The massacre of Ahmadis in Lahore has once again exposed the inner fissures of our society. As if treating them like second class citizens was not enough, the attacks on their private space of worship has confirmed that militant Islamism is now an embedded reality. Those who have been denying the presence of Punjabi Taliban will have to construct another web of denial and disbelief. We saw signs of that after the fateful tragedy. Instead of constituting investigation teams and ensuring that all necessary leads are collated, senior officials of the Punjab government made a direct reference to RAW, the infamous Indian intelligence agency.
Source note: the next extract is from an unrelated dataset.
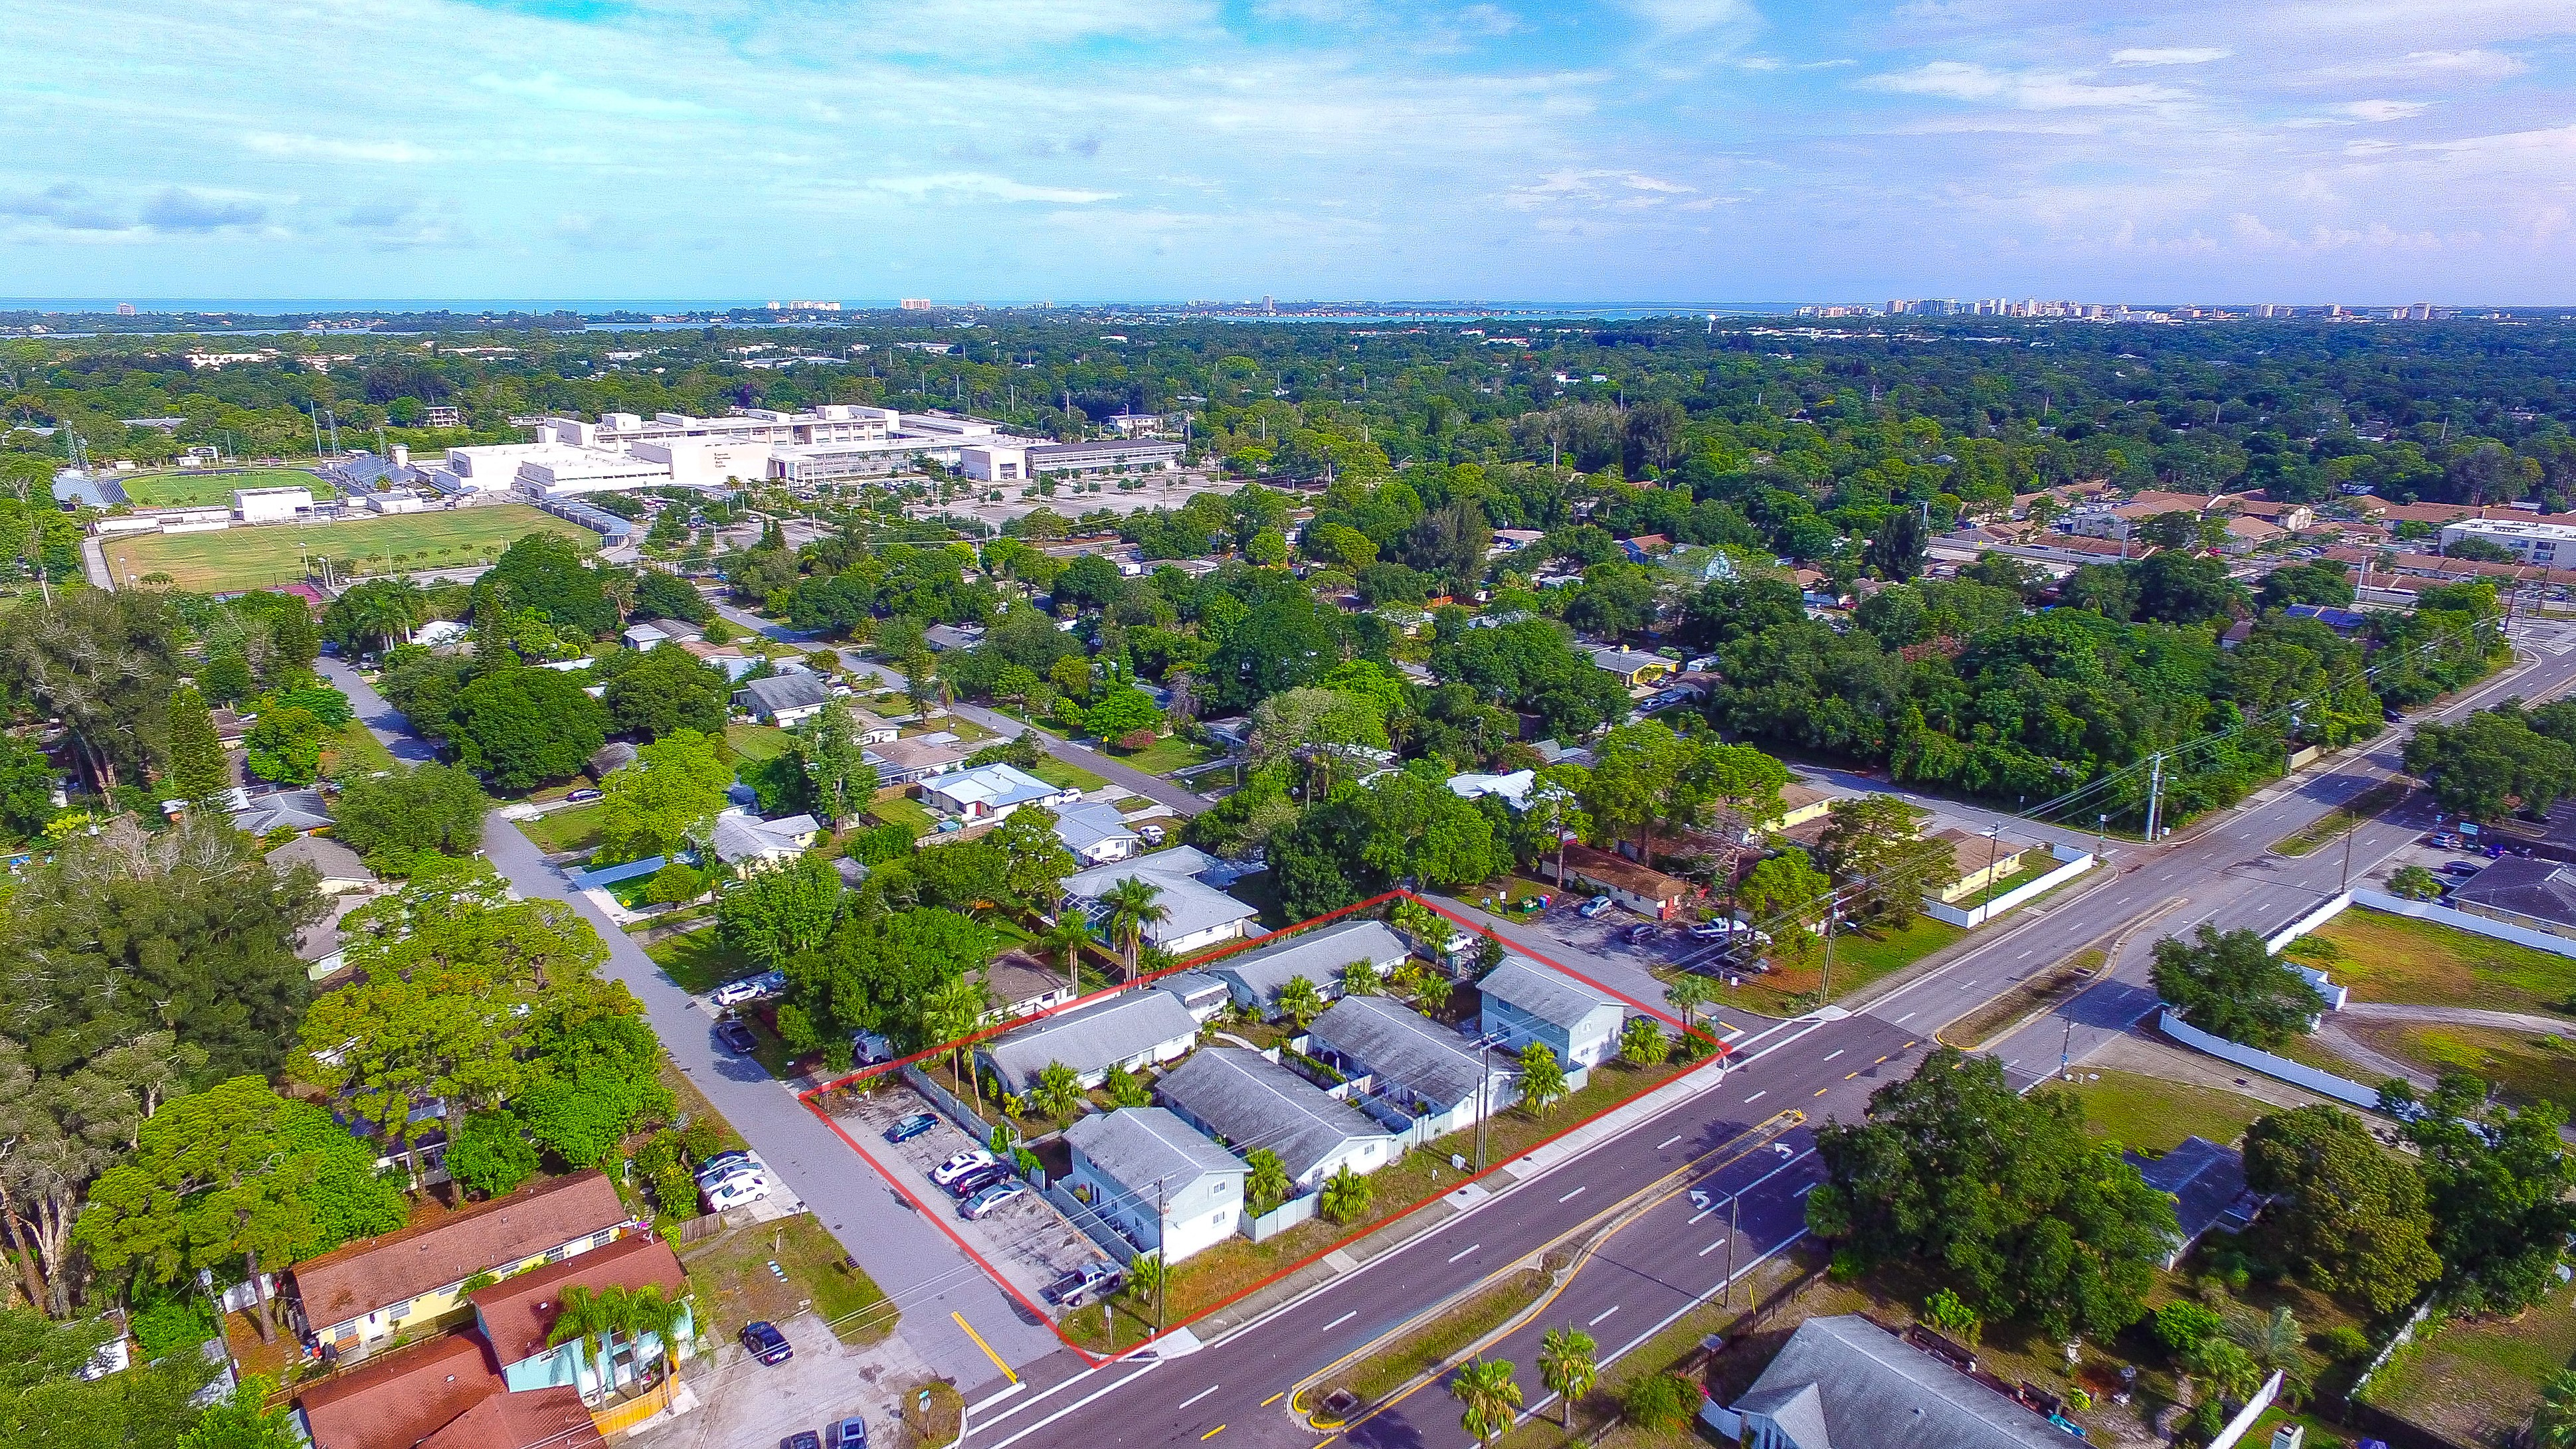 JUST SOLD! 12 Unit Apartment Building in Sarasota, FL

That the terrorists can attack anyone and anywhere is now an established reality. The fact that they chose Lahore and a vulnerable community is a clear message. Indeed, Pakistan as a state should reconsider its goals and strategy of survival. The symbolism of the day chosen for the heinous mass murders is also significant. It was Yaum-i-Takbeer when Pakistan’s atomic prowess was proved on the global stage. Perhaps the greatest delusion of the state’s might and invincibility seems to have been blown to bits. The process of bigotry that started in the 1950s culminated in Zulfikar Bhutto’s tragic action of declaring Ahmadis as non- Muslims in 1974. The Zia years deepened this culture of intolerance. Whilst we may have secured our ‘external defence’ through the much touted nuclear deterrence, internally Pakistan and its hapless citizens are more vulnerable than ever. Fundamentalism is a cancer that has widely spread in the body politic. Yet few wish to tackle it. For the past two years, get-Zardari debates have dominated Pakistan’s public discourse punctuated by the anti-Americanism of the right. The interior minister has been portrayed by the media Taliban as a corrupt nincompoop; and blood thirst for him is evident from the news pages and TV screens. Taliban apologists cannot confront the military establishment directly but the truth is the fight against the Taliban requires political stability and a domestic consensus. The right of Ahmadis to worship and lead a normal life according to the Constitution of Pakistan has been violated. What should a community do when the state and non-state actors are all geared to hound them? Is this Jinnah’s Pakistan? No.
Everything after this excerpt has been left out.